I don’t think the biological connection shouldn’t be the line that separates commitment from indifference. If you could fall in love with a stranger, you eventually get to know, I’m sure you could be a parent to a kid that ain’t yours. Like I get it your pain is significant of not being able to biologically reproduce, but your response to it doesn’t get to make the world worse.
With that being said, no child should be born or adopted to fill the gaps in someone else’s ego regardless. Adoption isn’t some last-ditch backup plan or a consolation prize; it’s the clearest expression of collective responsibility. Choosing to step into the life of a child who already exists is not settling for less, it’s stepping up. It says I see you. I’m here. I don’t need to create a new life to prove my capacity for love because love has been waiting for me in the lives already around me. That kind of love isn’t less real. It’s just less self-serving.
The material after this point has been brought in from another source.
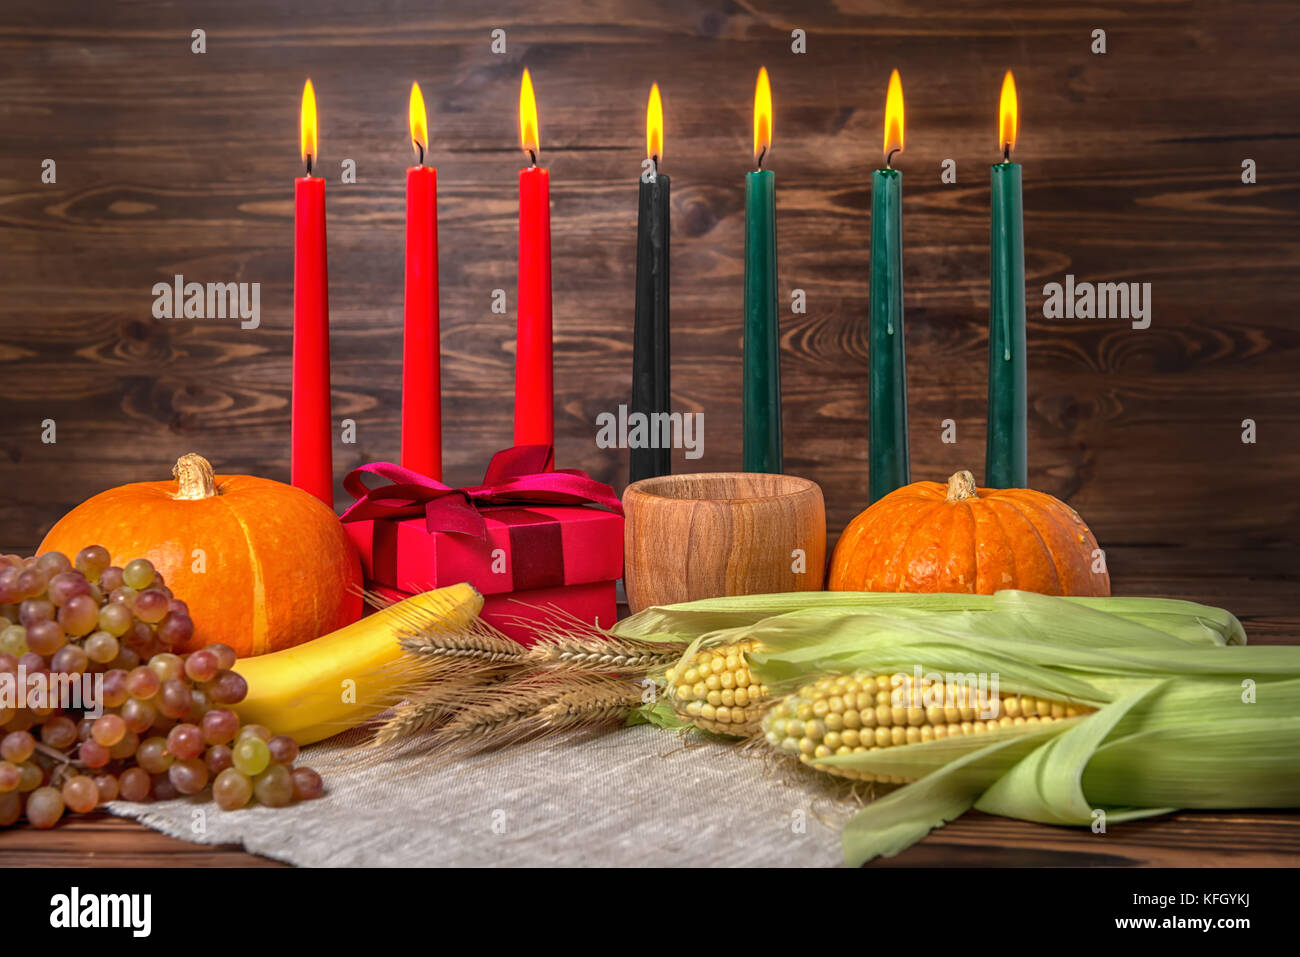 Kwanzaa background hi-res stock photography and images - Page 3

For me personally, adopting kids that are aging out of the system is the responsibility I want to take on because there are children still entering a world they didn’t ask for, built by people who still don’t know how to be honest about what it takes to raise one. And until that’s confronted, until we stop seeing kids as blank slates or legacy trophies and start seeing them as people—the oppression will continue
Assuming adulthood looks different to everybody. Some people think the performance is an automatic qualification, external attributes like having a career, overly independent, and making decisions based on optics. Looking like you're grown, but not necessarily being grown in the way you self-regulate, self-reflect, or self direct. Assumed adulthood is internal, grounded, and deeply honest. Accepting the full weight of your life even when it is glamorous. And this isn’t appealing to most people because it doesn't look impressive. However, one builds capacity and the other build pressure.
So If you’re going to keep bringing kids into a burning house, then you better learn how to build a fireproof system. Because the world doesn’t get better through birth rates. It gets better through responsibility. And every child you ignore, minimize, dismiss, or disrespect today becomes the adult who remembers exactly how that felt.
The child who is not embraced by the village will eventually burn it down to feel its warmth.
This piece was amazing!!!! And so similar to some pieces I've posted on my own Substack. I keep hearing that women never really grow up but stay teenagers forever, then they go and have children and pass down that sentiment to other people. If we want better for children, we are going to do what alot of people are not willing to do and grow up.
Oh this is so good, thank you. I'm also thinking of how this happens with parents who pressure their adult children especially women to have children because they want grandchildren, meanwhile they haven't reconciled with how their parenting affected said children and those grandchildren will only carry on generational trauma if the adult children aren't healing.